In support of their argument, Plaintiffs cite Robertson v. Stanley, 285 N.C. 561, 206 S.E.2d 190 (1974), where the minor plaintiff was struck and injured by a vehicle operated by the defendant. Id. at 564, 206 S.E.2d at 192. The minor plaintiff also presented uncontradicted evidence that, as a result of the accident, he had been hospitalized for approximately twenty-six days, had undergone two operations, had a permanent scar on his shoulder, and had suffered pain over an extended period of time. Id. at 564, 206 S.E.2d at 192-93. The trial court properly instructed the jury on negligence, contributory negligence, and damages. Id. at 564-65, 206 S.E.2d at 193. The jury determined that although the minor plaintiff was injured by the defendant's negligence and was not contributorily negligent, the minor plaintiff was not entitled to recover any amount from the defendant for personal injury. Id. at 566, 206 S.E.2d at 193. The jury did determine that the minor plaintiff's father was entitled to recover an amount for medical expenses. Id. at 563, 206 S.E.2d at 192.

Our Court recognized in Robertson that "`[t]he law is well settled in this jurisdiction that in cases of personal injuries resulting from [a] defendant's negligence, the plaintiff is entitled to recover the present worth of all damages naturally and proximately resulting from [a] defendant's tort.'" Id. at 565, 206 S.E.2d at 193 (quoting King v. Britt, 267 N.C. 594, 597, 148 S.E.2d 594, 597 (1966)).
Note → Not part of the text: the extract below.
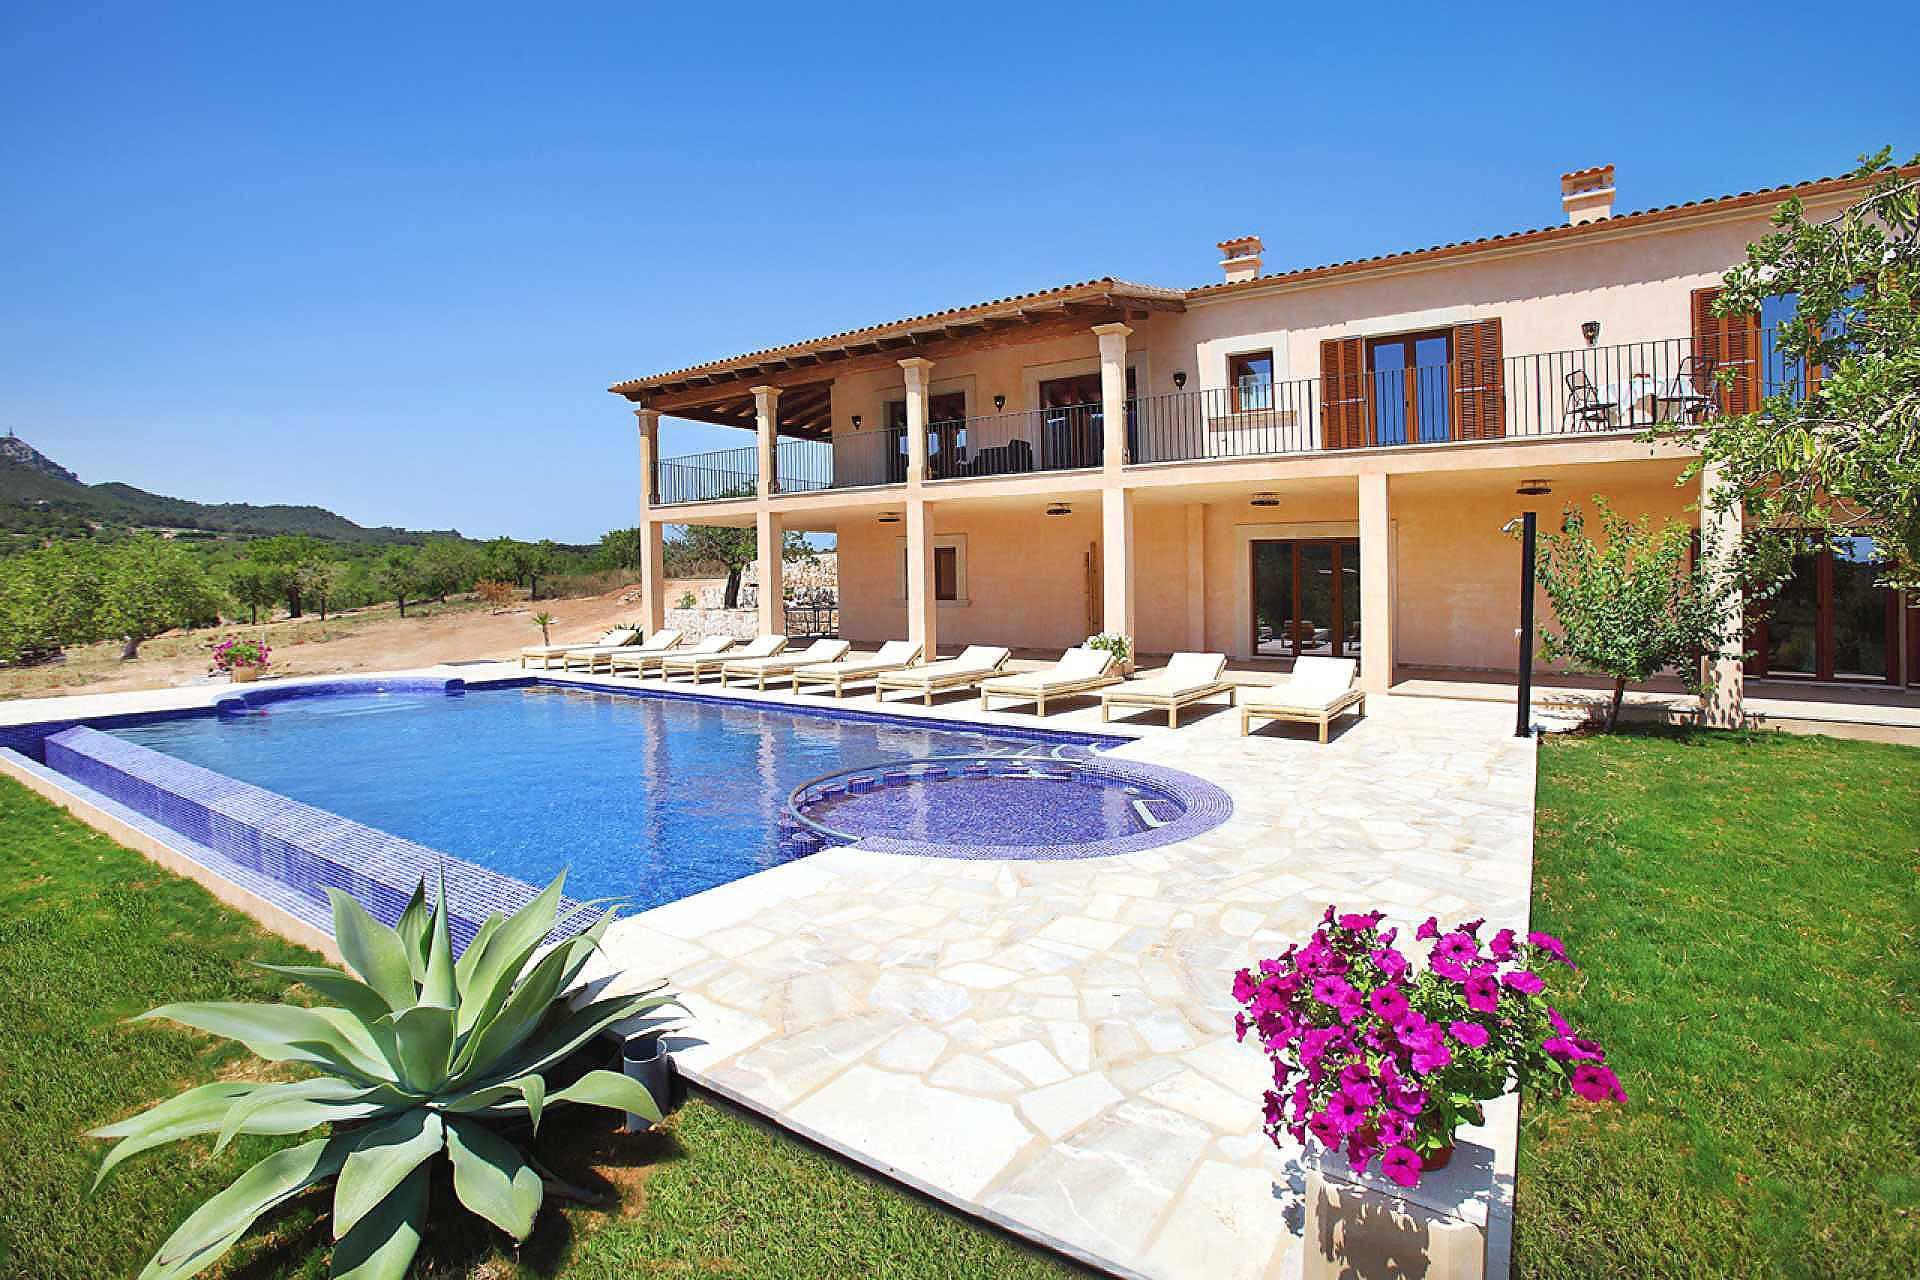 01-45 Exclusive Finca Mallorca East Bild 3

Our Court held that "[u]nder such circumstances, with the evidence of pain and suffering clear, convincing and uncontradicted, it is quite apparent that the verdict is not only inconsistent but also that it was not rendered in accordance with the law." Id. at 566, 206 S.E.2d at 193-94. Therefore, our Court held that the trial court should have set aside the verdict. Id. at 568, 206 S.E.2d at 195. Our Court remanded the matter for a new trial on all issues because the issues regarding negligence, contributory negligence, and damages were "inextricably interwoven[.]" Id. at 569-70, 206 S.E.2d at 196.

Robertson is distinguishable from the present case. In Robertson, the jury's verdict was inconsistent because although there was uncontradicted evidence of pain and suffering, the jury determined that the minor plaintiff, who was not contributorily negligent, could not recover for personal injuries caused by the defendant's negligence. Id. at 566, 206 S.E.2d at 193-94. In the present case, unlike in Robertson, the jury's verdict was not inconsistent.

Plaintiffs also rely upon Anuforo v. Dennie, 119 N.C. App. 359, 458 S.E.2d 523 (1995). In Anuforo, our Court held that the plaintiff sufficiently alleged a meritorious defense "such that it would not be `a waste of judicial economy to vacate' the order of the trial court denying relief under Rule 60(b)." Anuforo, 119 N.C. App. at 363, 458 S.E.2d at 526 (quoting Oxford Plastics, 74 N.C. App. at 259, 328 S.E.2d at 9). However, in the present case, we hold that the jury's verdict was not inconsistent as a matter of law. Therefore, in the present case, unlike in Anuforo, it would be a waste of judicial economy to vacate the order of the trial court.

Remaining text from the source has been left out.